被害者A
作品4 麗子
「あれ?先輩は?」 出勤と同時にその目が捜すのは、いつもそこにいる賑やかな存在。 居るならば、中に入ってくる前にわかる。声が近所中に響き渡っているから。今日もいつもと変わらない日常があるんだと、誰もが知る。 その姿がないときは、ひどく不安そう。 母親の姿を見失った子供みたいな。 首輪のはずれてしまった犬みたいな。 「――――借金取りが来て逃走中」 そう答えると、目に光がはいったように輝く。 ほう、と息をついて唇の端に笑顔をふくませて。 「またですかぁ。先輩も懲りないなあ」 いつものせりふで愚痴ることができて、やっと呼吸ができたかのように背筋が伸びた。それからやっと、何事もなかったみたいに書類をめくり出す。 顔を作るのは得意だったのに。
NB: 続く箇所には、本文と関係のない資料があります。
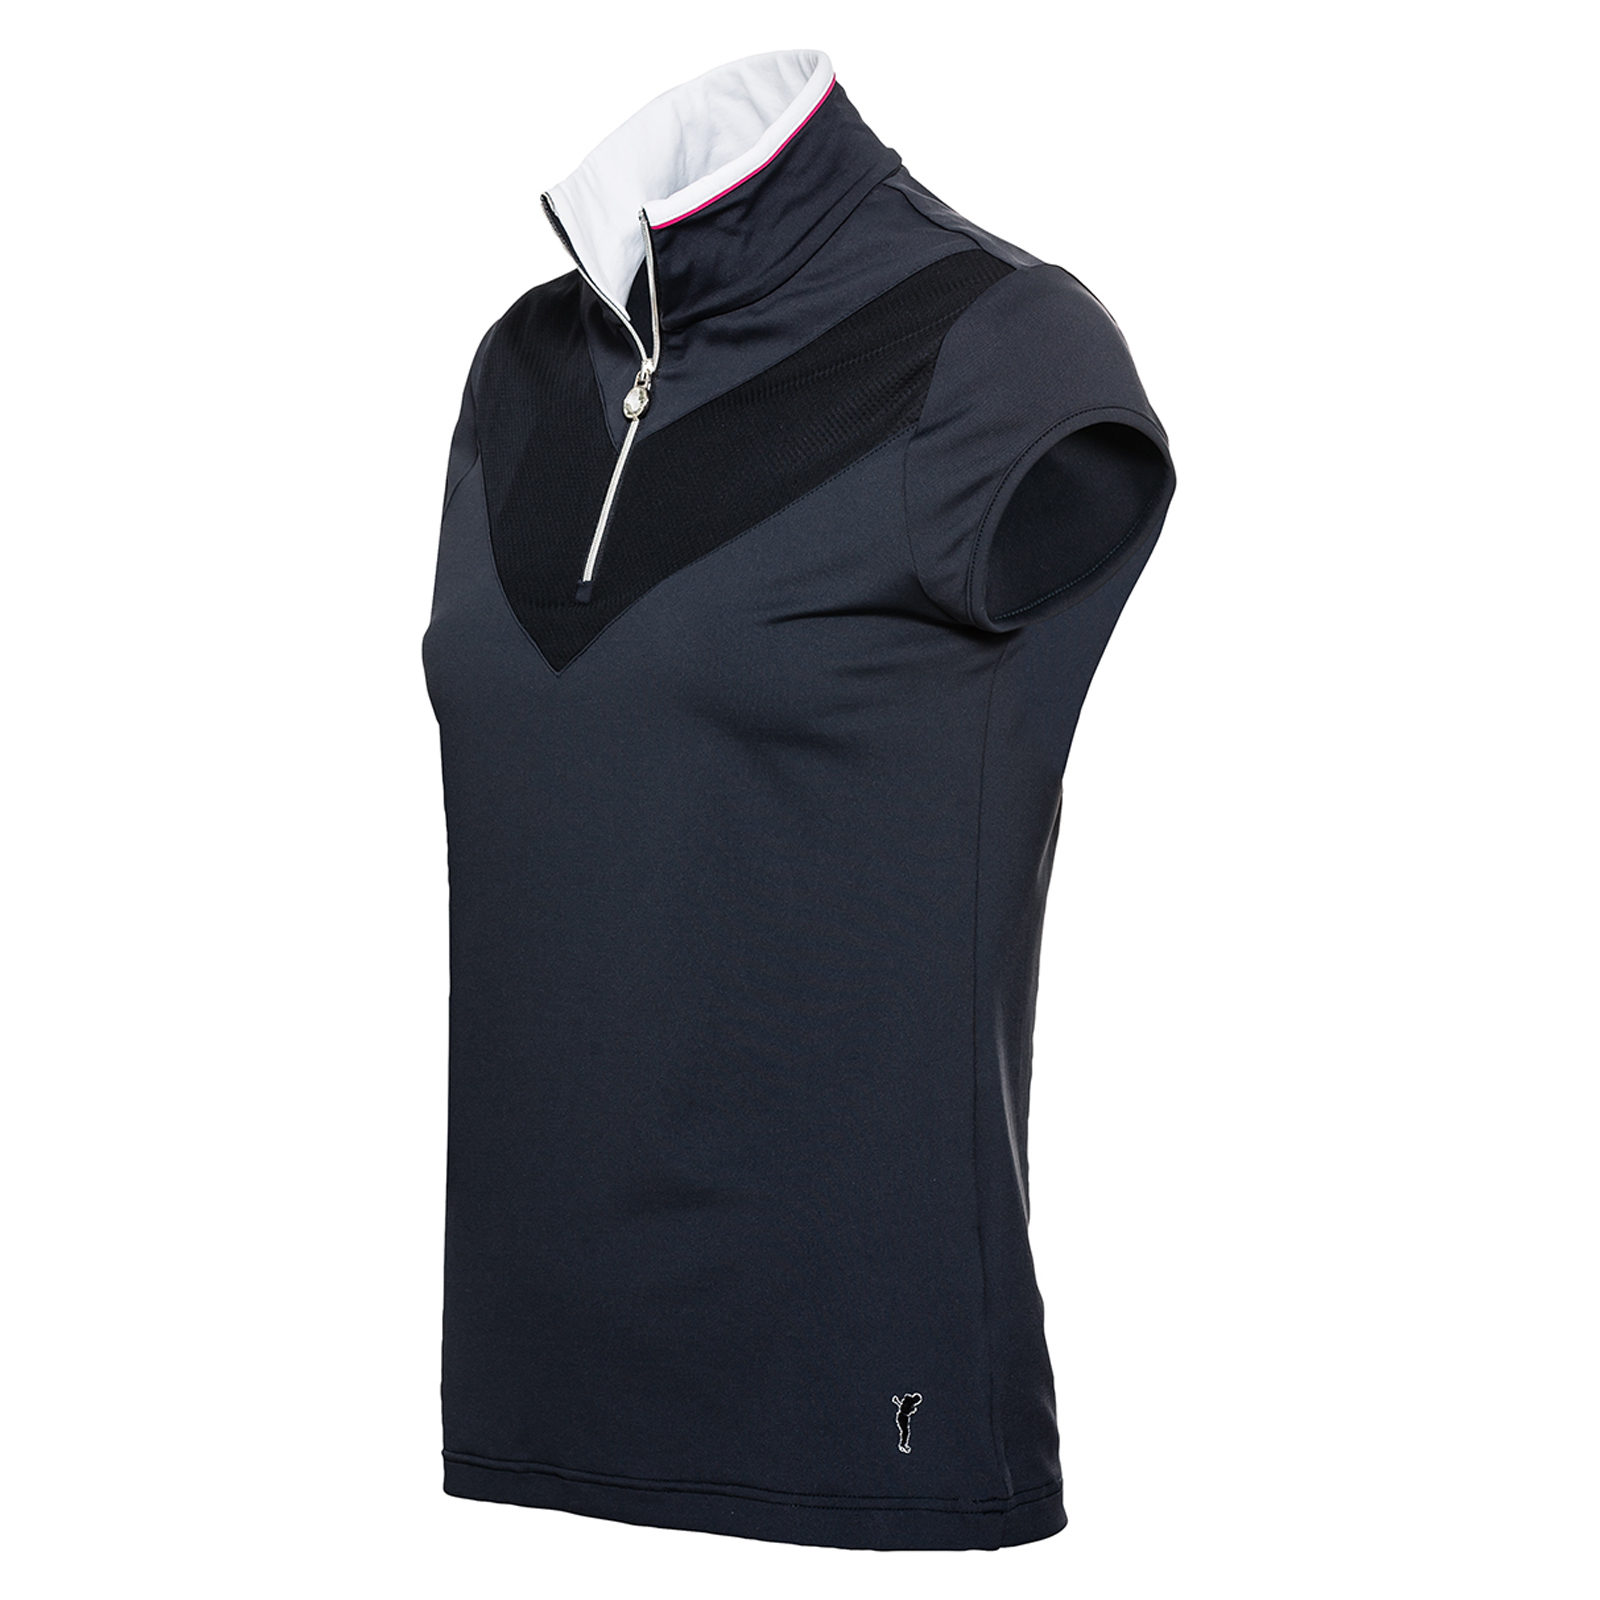 Damen Golf Polo mit Flügelärmel
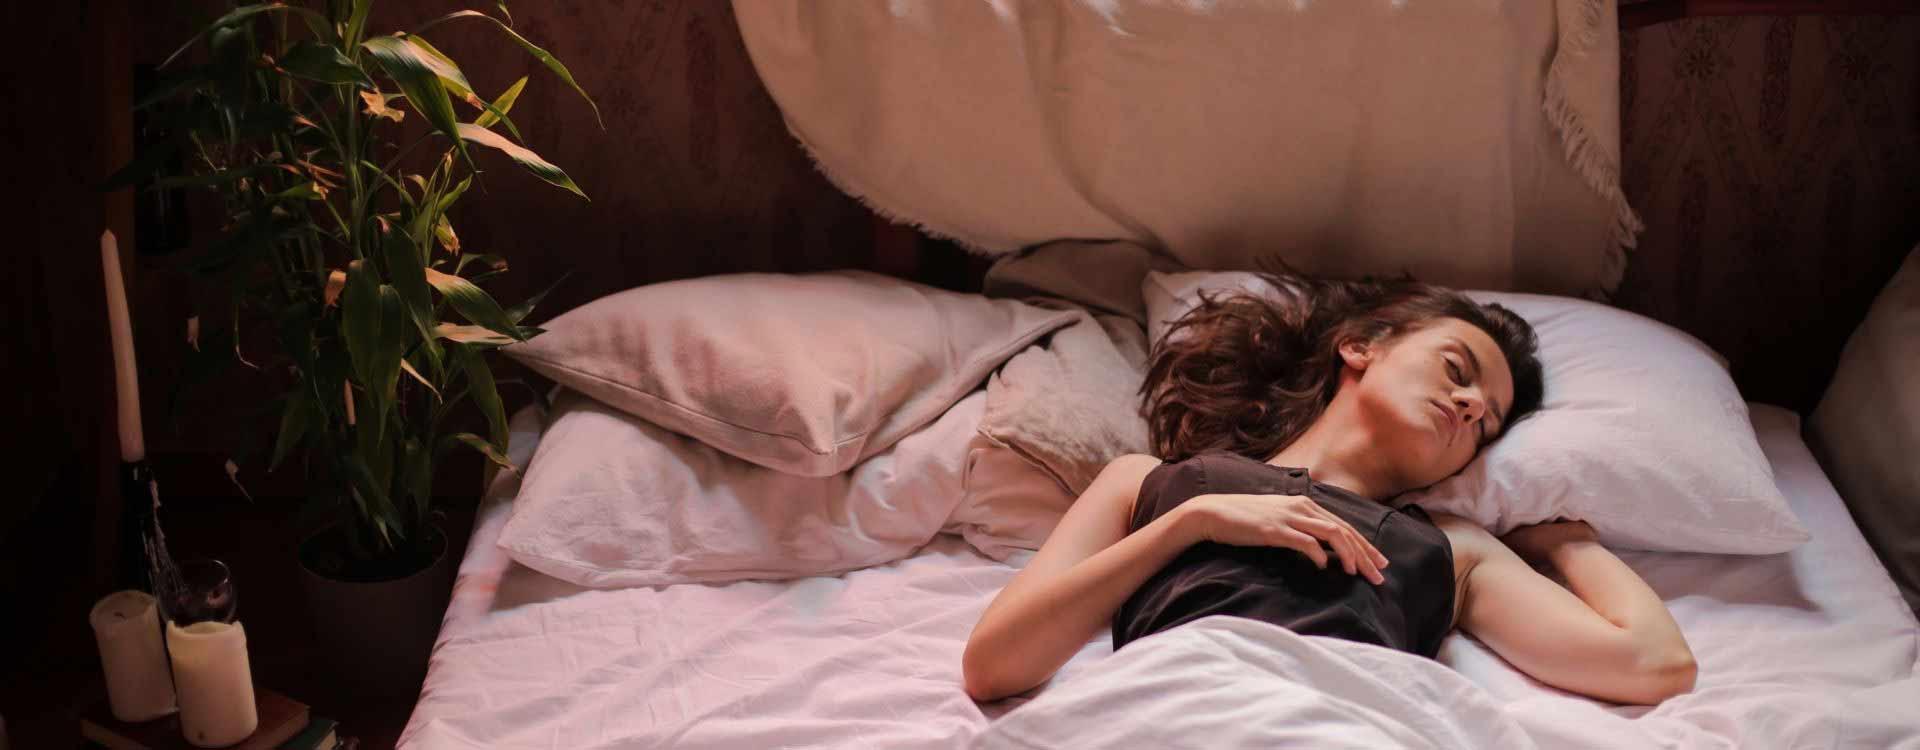 CBD and Sleep: What the Studies Show

どうしてたったひとりの人だけが、あなたをそんなふうに不器用にしてしまったのかしらね。 「また金貸してくれって言いに来るんでしょ。もう、いつもいつも先輩は僕ばかり頼りにして」 窓越しに差し込む陽光。生けられた机上の花が桃色に艶めく。 けいちゃんは、りょうちゃんがいないと死んじゃうね。 りょうちゃんは、けいちゃんがいなくても平気なのにね。 そうしてあなたはずっと、あの背中を追いかけていくつもりなんだね。 手に入るはずなんかないって知ってるのに。 指先はよどみなくペンをうごかしているけれど、目はちらちらと窓の外を捜す。 大事なものがはやく戻ってこないかと。 欲しいものなんかなんにもなかったあなたが、ただ待っている。 我慢して時々追いかけて、掴みきれず落ち込んだり。きっと泣いたりもして。 ただ、あなたの名を大声で呼ぶのを待っている。 たとえそれがなんの情もない言葉でも。 ずっとこのままでいられたらいいね。 けいちゃんが、りょうちゃんとずっといられたらね。 りょうちゃんをすきなけいちゃんが、 とっても好きよ。 |
麗子の立ち位置って、中川の保護者みたい。